* WORK ITEM
Could you restate word for word the lines running from the one with "How to put Keurig in descale mode" to the end of the data, both ends included, but without pictures?

* PROVIDED MATERIAL
────────────────

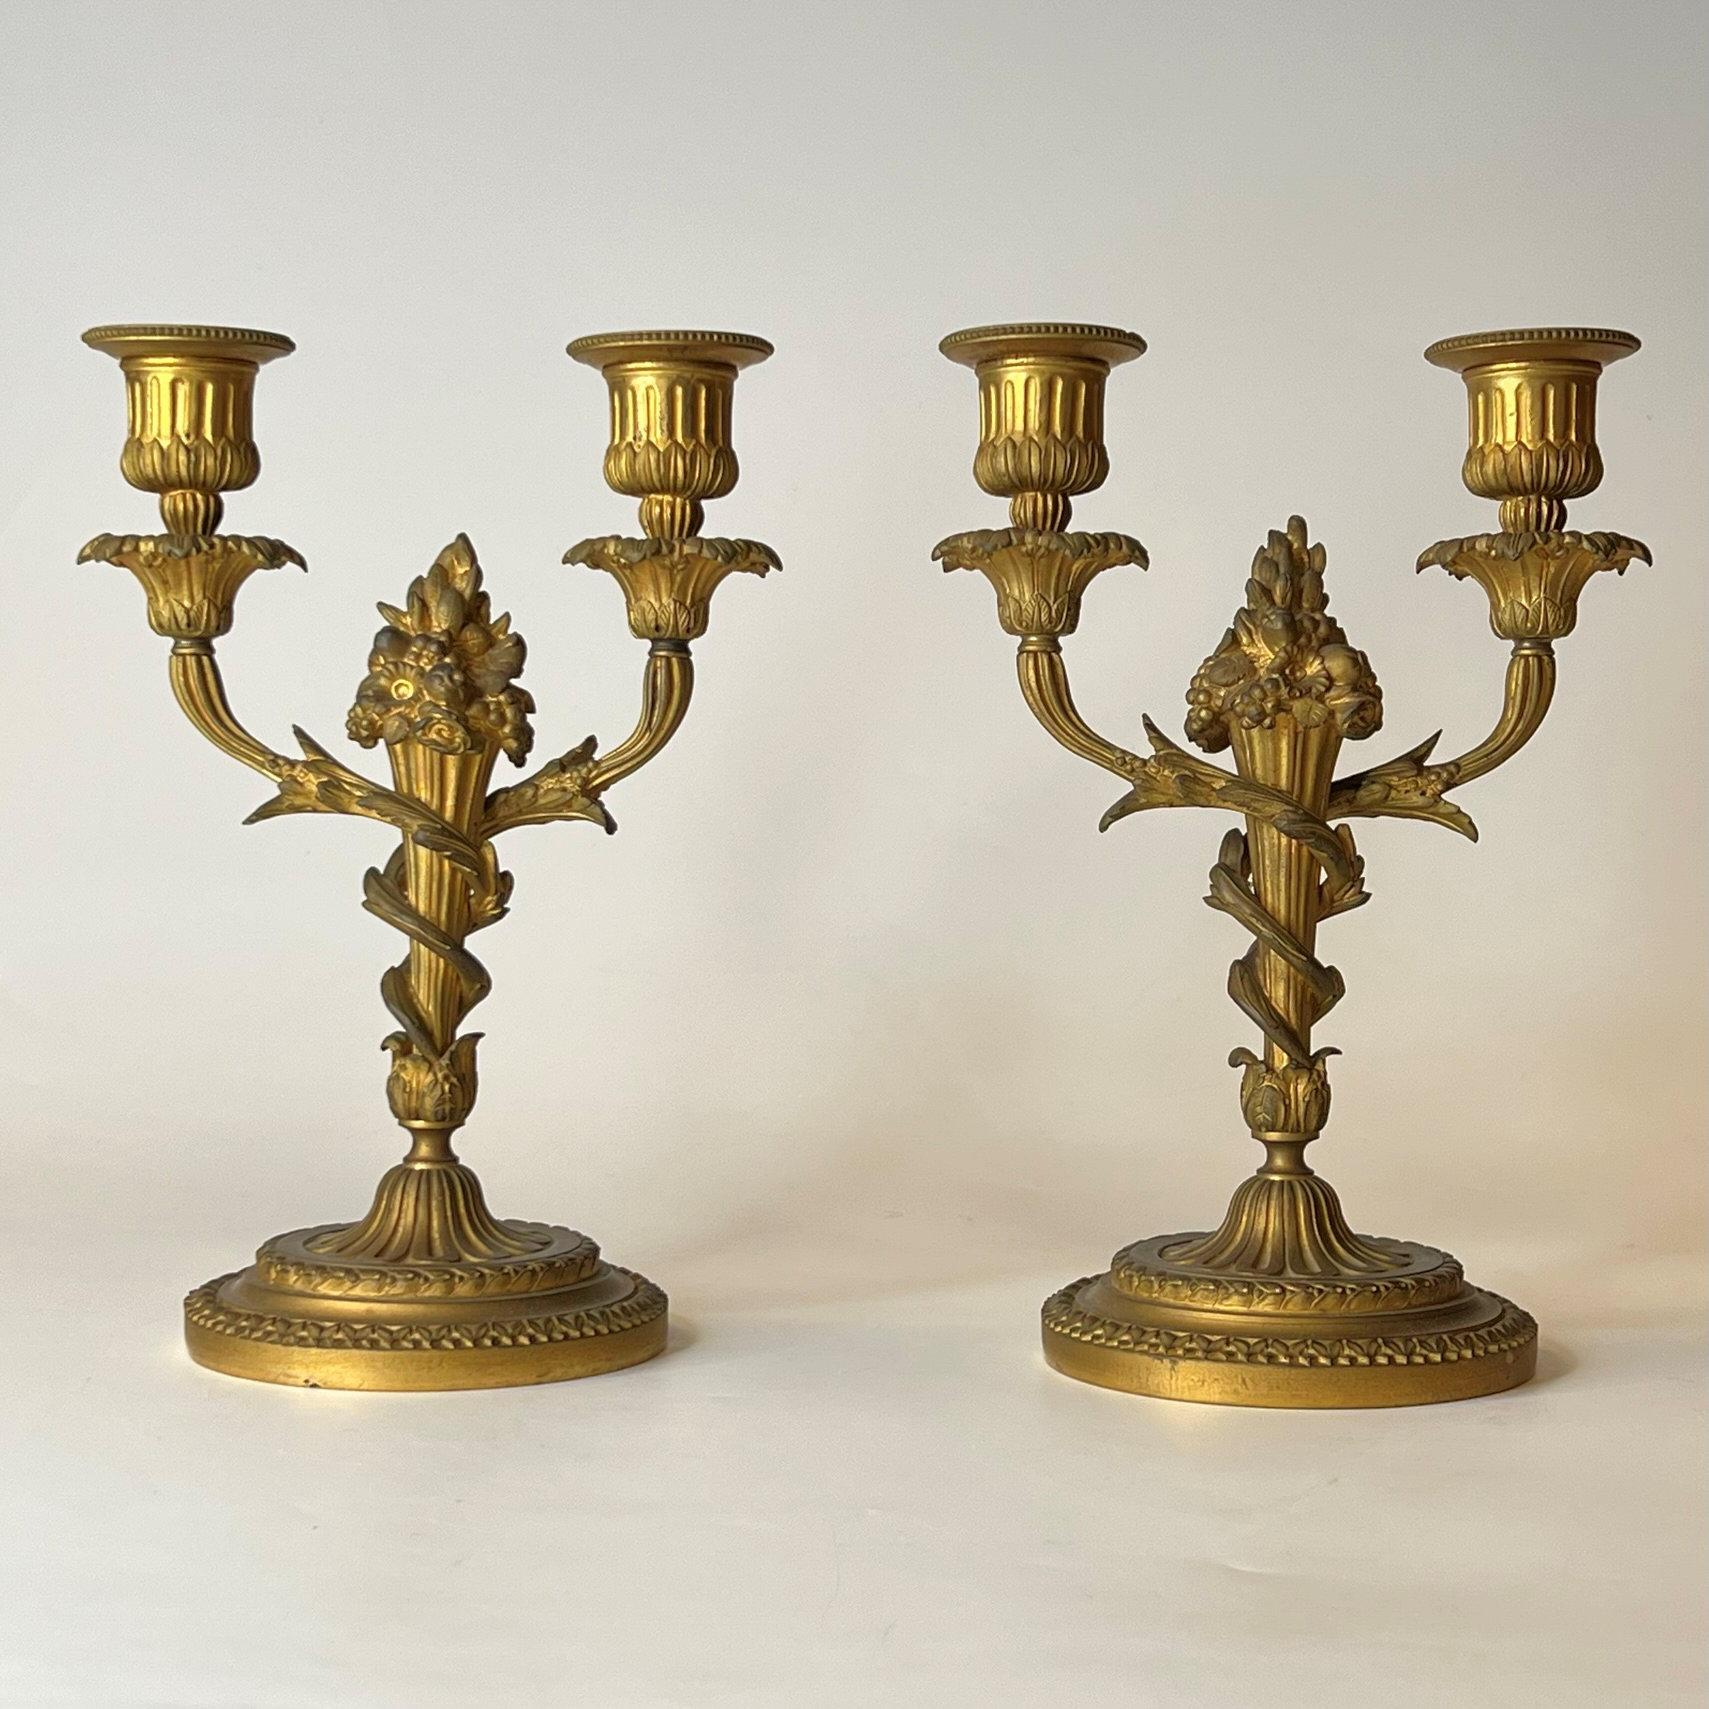 Pair of antique (19th century) gilt bronze two-light candelabra in the Louis XVI style.
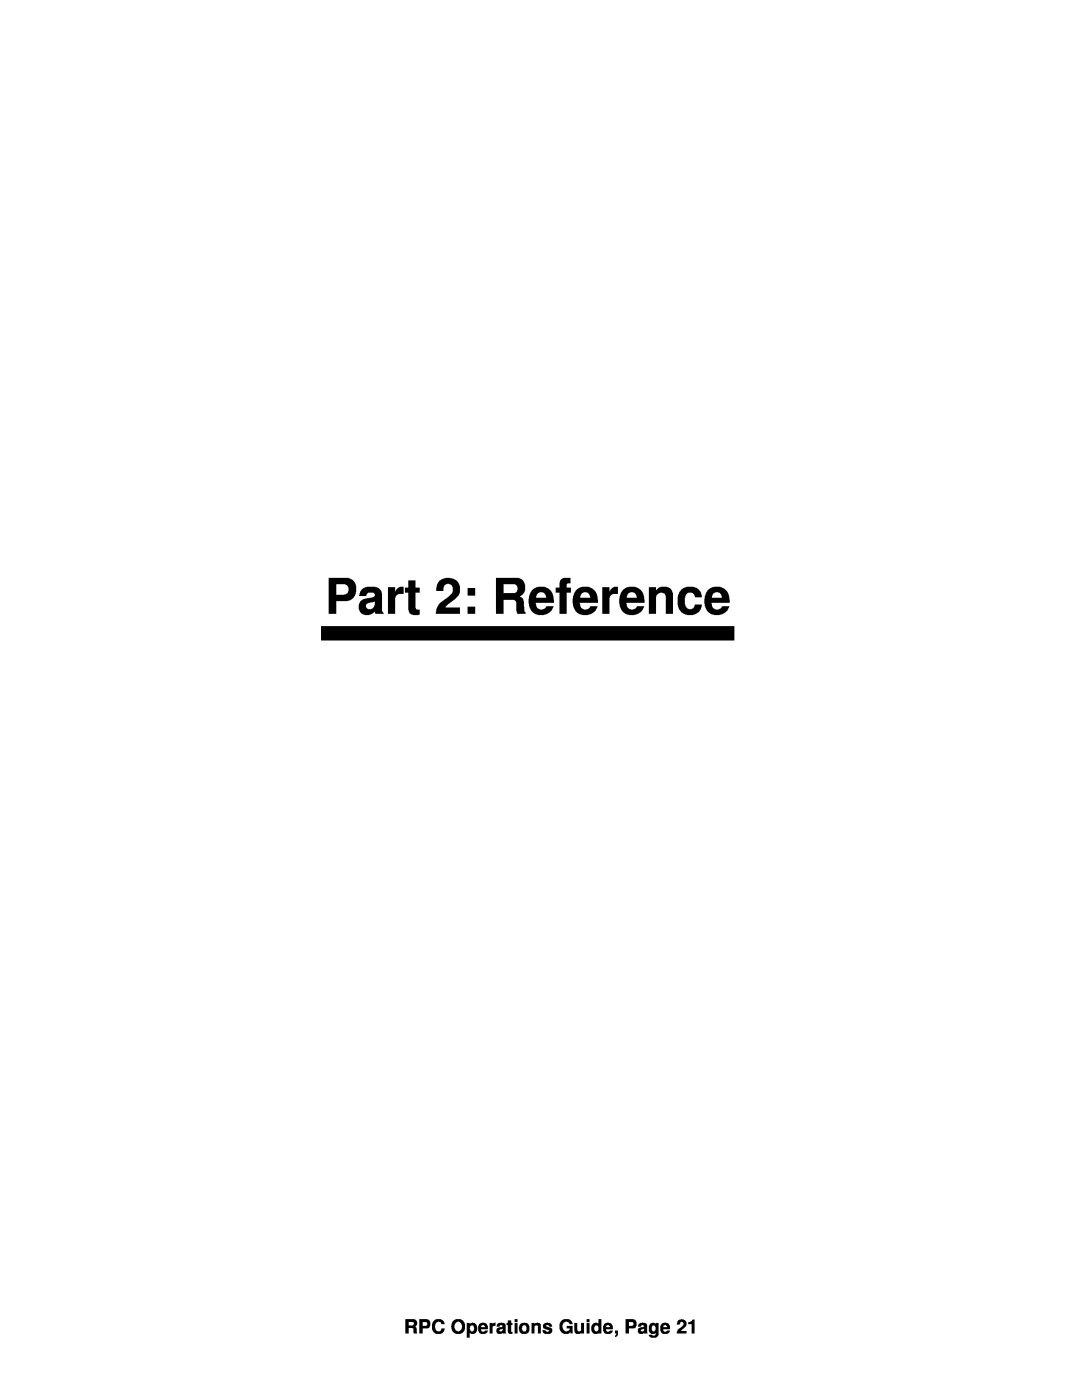 ARRI ARRI Ramp Preview Controller manual Part 2 Reference, RPC Operations Guide, Page 
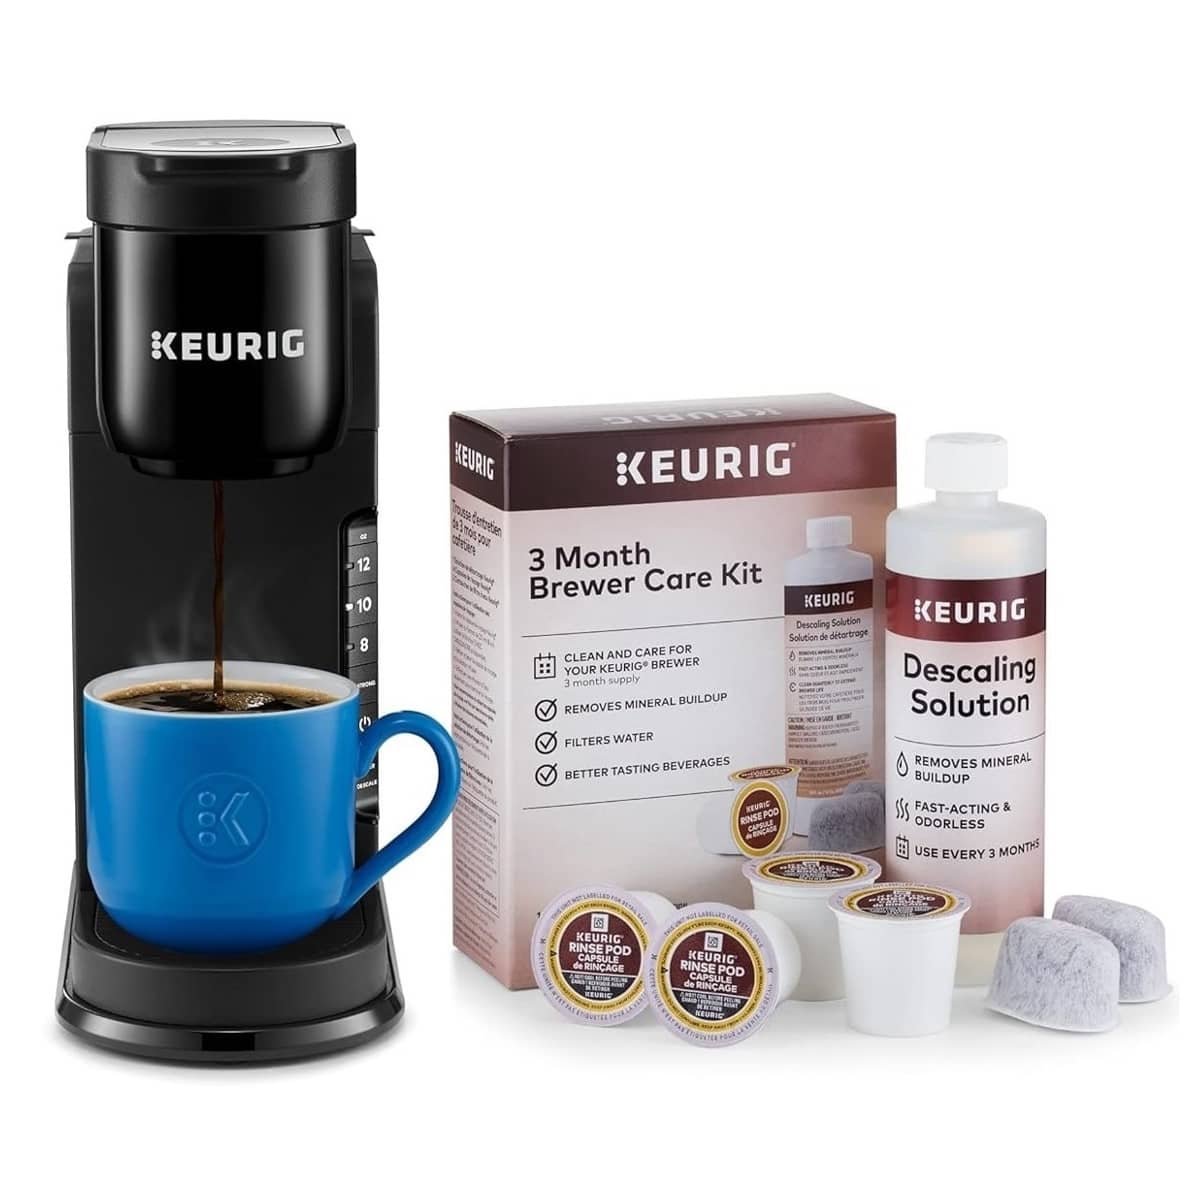 How to put Keurig in descale mode
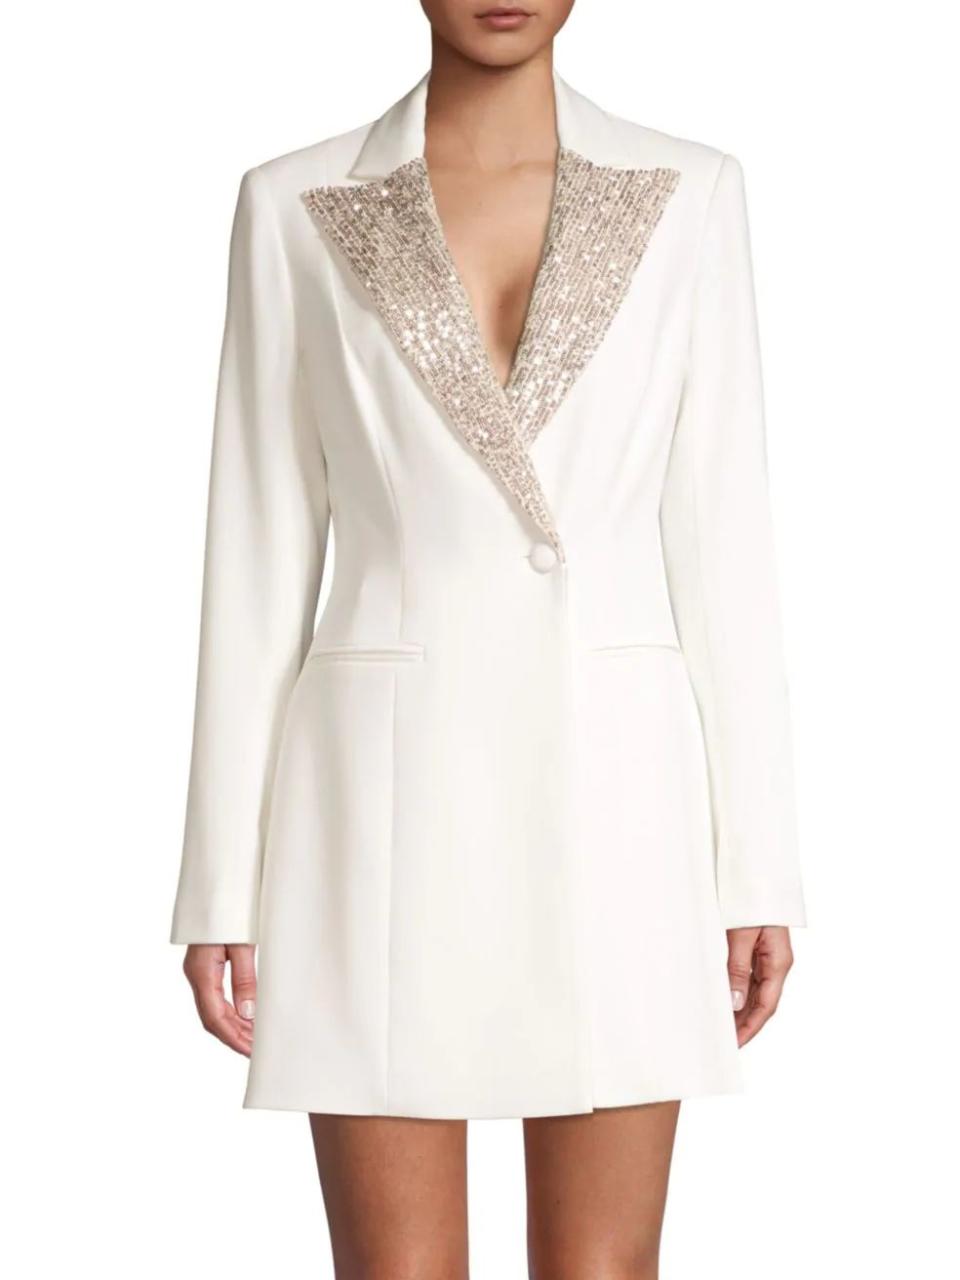 <a href="https://fave.co/338mu8e" target="_blank" rel="noopener noreferrer">Find it for $295 at Saks Fifth Avenue</a>.

────────────────

* WRITTEN ANSWER
 How to put Keurig in descale mode
 <a href="https://fave.co/338mu8e" target="_blank" rel="noopener noreferrer">Find it for $295 at Saks Fifth Avenue</a>.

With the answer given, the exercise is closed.